Start of Stored data

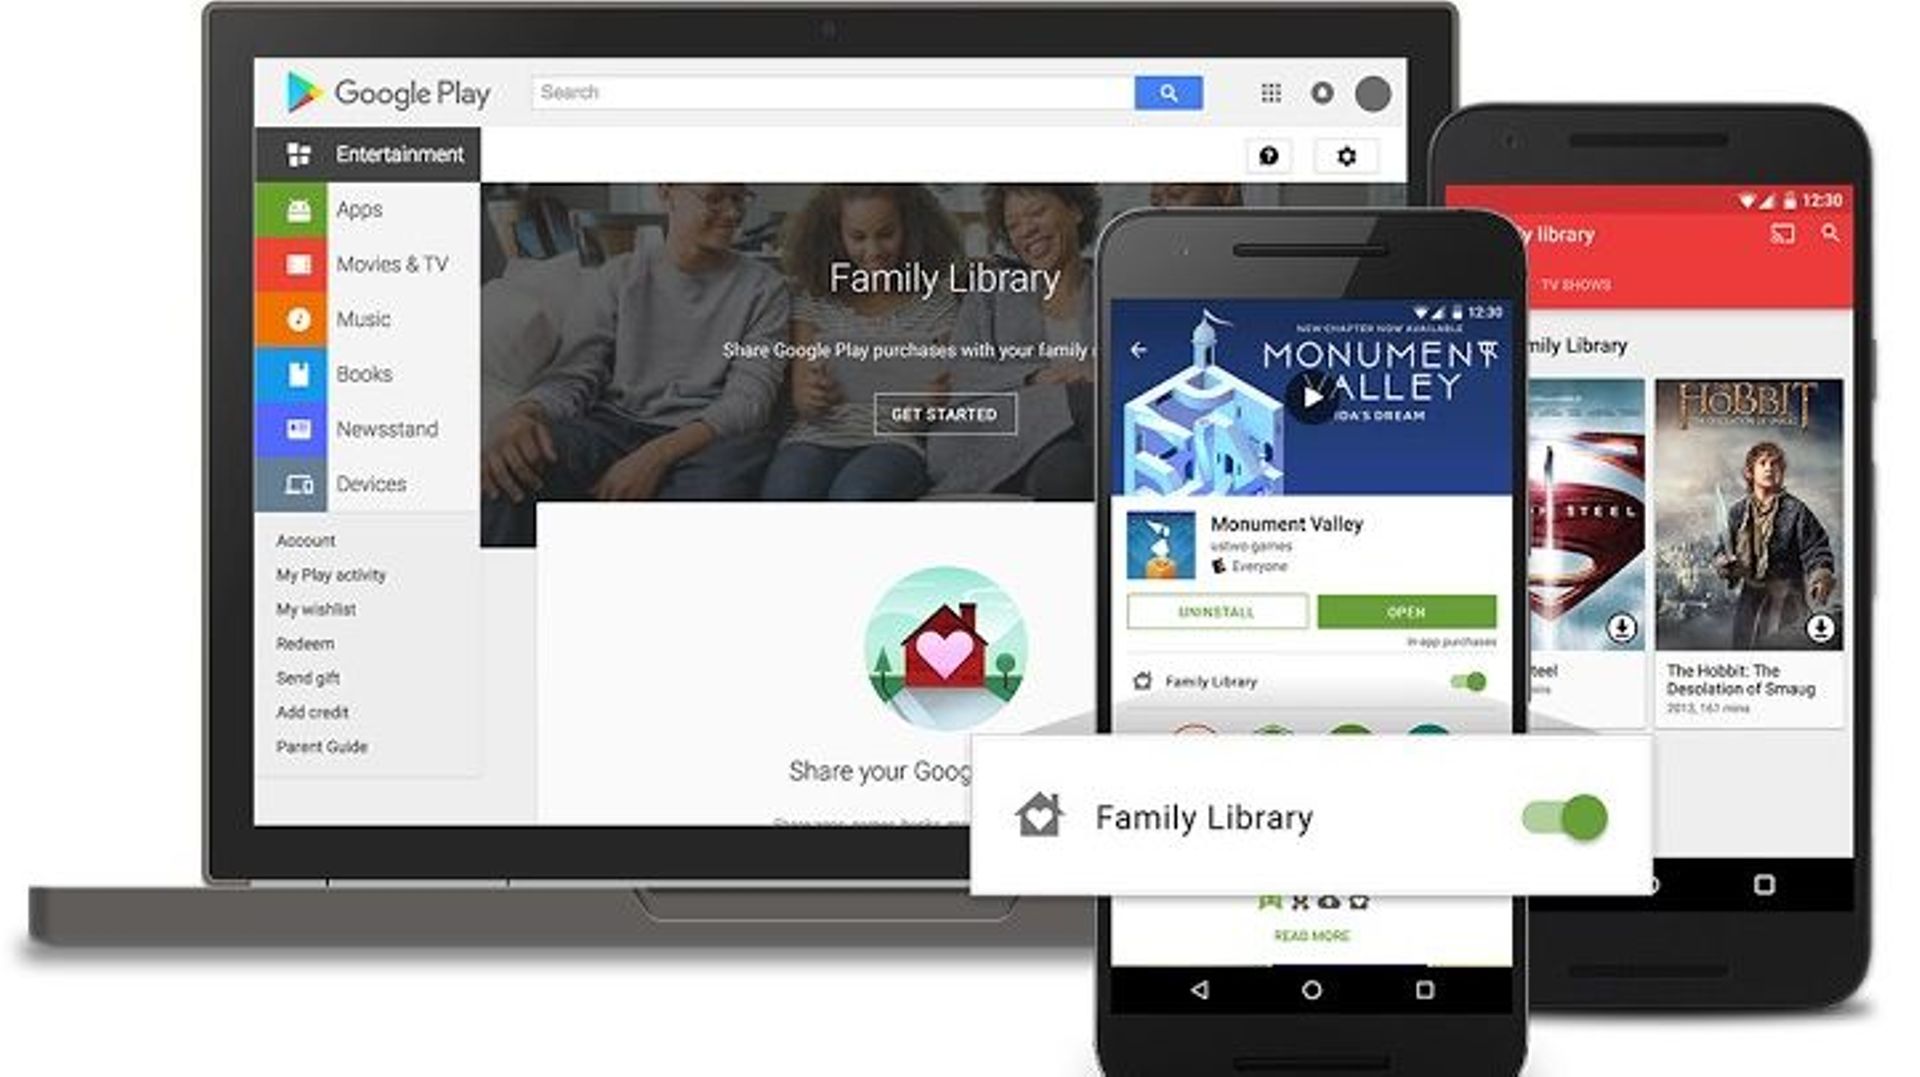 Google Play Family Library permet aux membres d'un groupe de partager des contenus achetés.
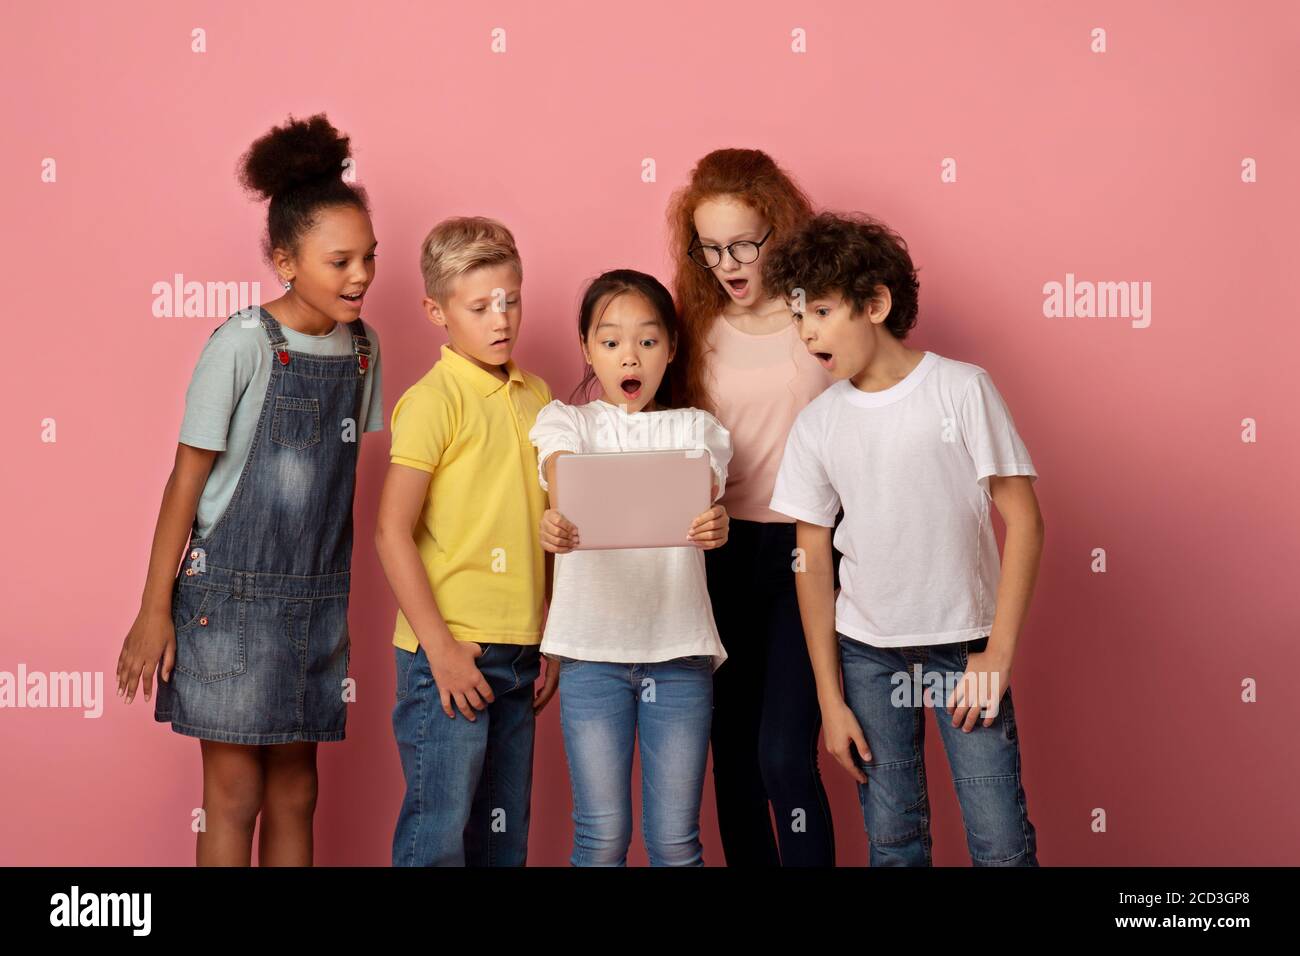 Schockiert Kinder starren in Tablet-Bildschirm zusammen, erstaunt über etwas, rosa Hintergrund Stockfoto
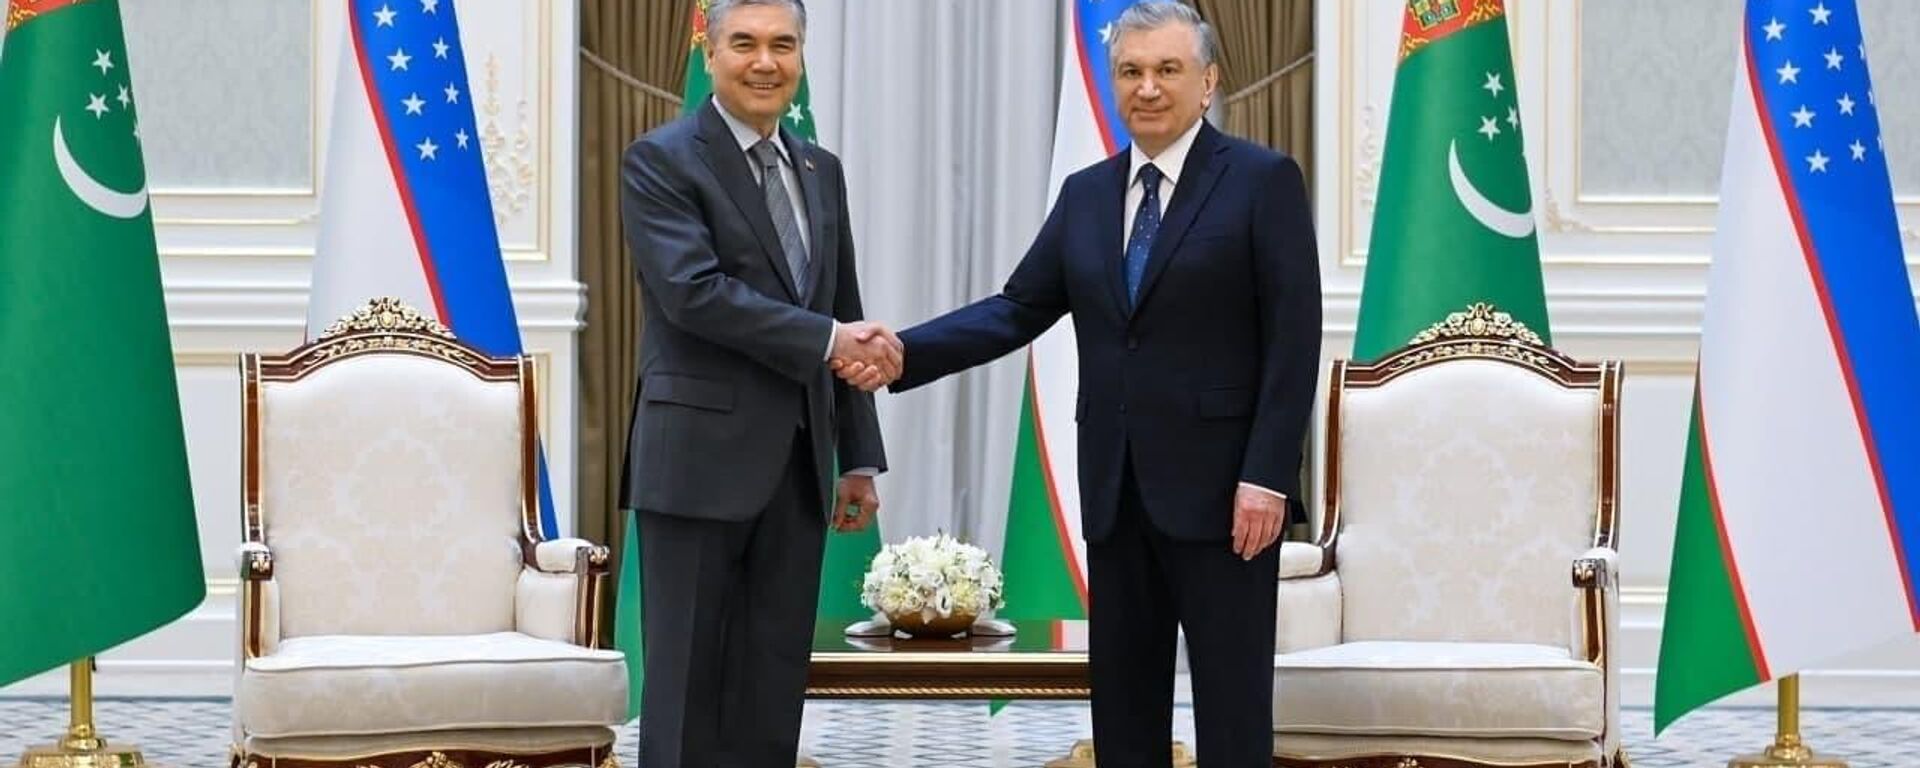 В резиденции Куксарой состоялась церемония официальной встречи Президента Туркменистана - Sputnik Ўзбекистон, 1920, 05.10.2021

End of Stored data

The full listing, transcribed exactly and without its pictures, is the expected result.

Response box:
 Google Play Family Library permet aux membres d'un groupe de partager des contenus achetés.
 Schockiert Kinder starren in Tablet-Bildschirm zusammen, erstaunt über etwas, rosa Hintergrund Stockfoto
 В резиденции Куксарой состоялась церемония официальной встречи Президента Туркменистана - Sputnik Ўзбекистон, 1920, 05.10.2021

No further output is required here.